EGH444: Digital Signals and Image Processing QUT
Active Contours (Snake)
In this section we will experiment with the Active Contours (a.k.a. snake) segmentation method. Load an image such as rhino2.jpg into the imageSegmenter tool. Then the first step is to define an initial mask that the method will need to iterate from. This mask will define the initial guess on the location and shape of the contour of the segment you are trying to extract from the image.
In ‘ADD TO MASK’ click on the right arrow for more options and select ‘Create ROI’. Create an ROI using the freehand tool: draw a rough shape inside the body of the rhino (make it quick and rough). Then run the Active Contours algorithm by clicking on Evolve. Consider adding more iterations if needed and see the impact.
Note you can include Texture features (using the Gabor canonical filters) See if that makes a difference.
Now do a ’New Segmentation’. This time create an ROI with boundaries outside of the rhino. Run Active Contours again. What do you observe?
Load the image heart.pgm in the ImageSegmenter. Draw a small ROI inside the heart cavity, and run Active Contours. Observe. Now draw a small ROI outside the cavity and run. What happens?Why? How could that be addressed?
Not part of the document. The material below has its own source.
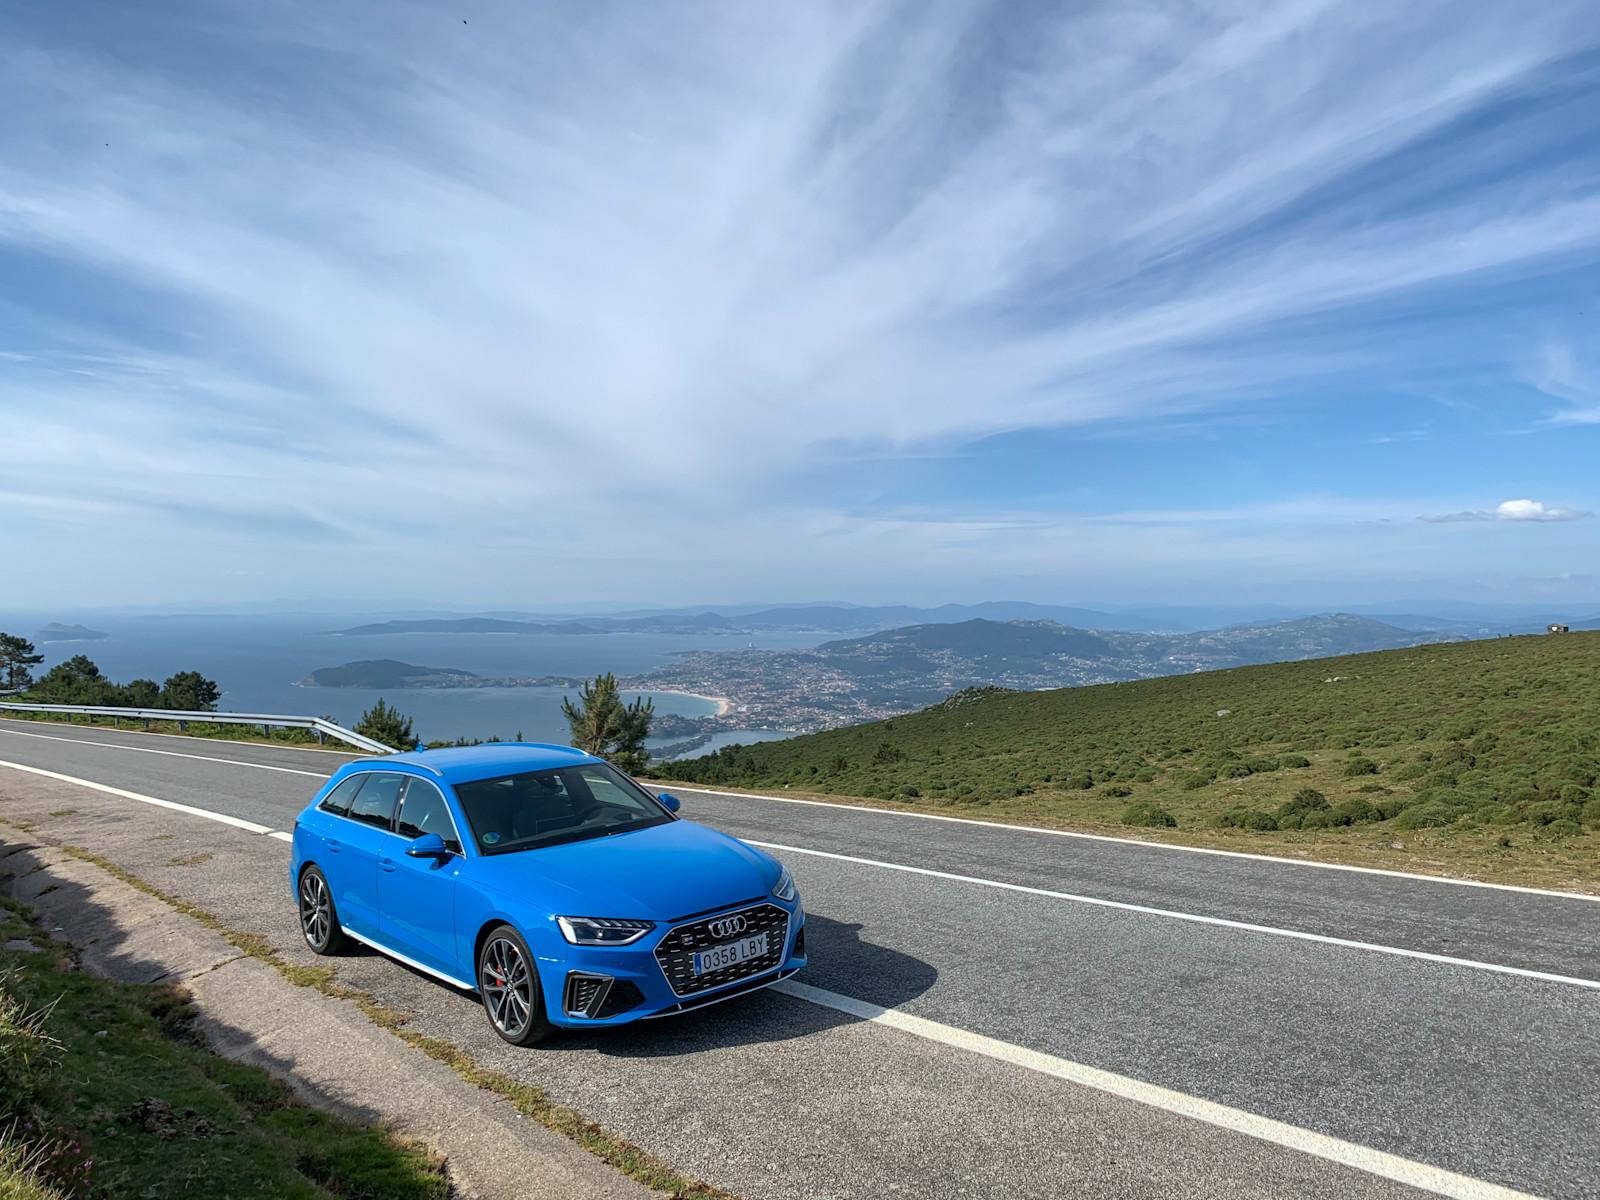 Foto de Audi S4 Avant 2020 (prueba) (1/26)

Close the ImageSegmenter tool and use the function activecontour directly in Matlab code. Note you will need to create a mask for the initial image you want to segment. Look at adjusting the parameter ‘ContractionBias’ and see the impact, depending on your mask.
4 K-Means Clustering
Use the code in kmeans.m to segment images using the k-means clustering algorithm. An example is given in kmeans demo.m.
Test different parameter options for the kmeans.m function. Note that the number of clusters must be chosen in advance for each image. Try different numbers of clusters for each image. How do you decide what is the ‘best’ number of clusters (k) to use?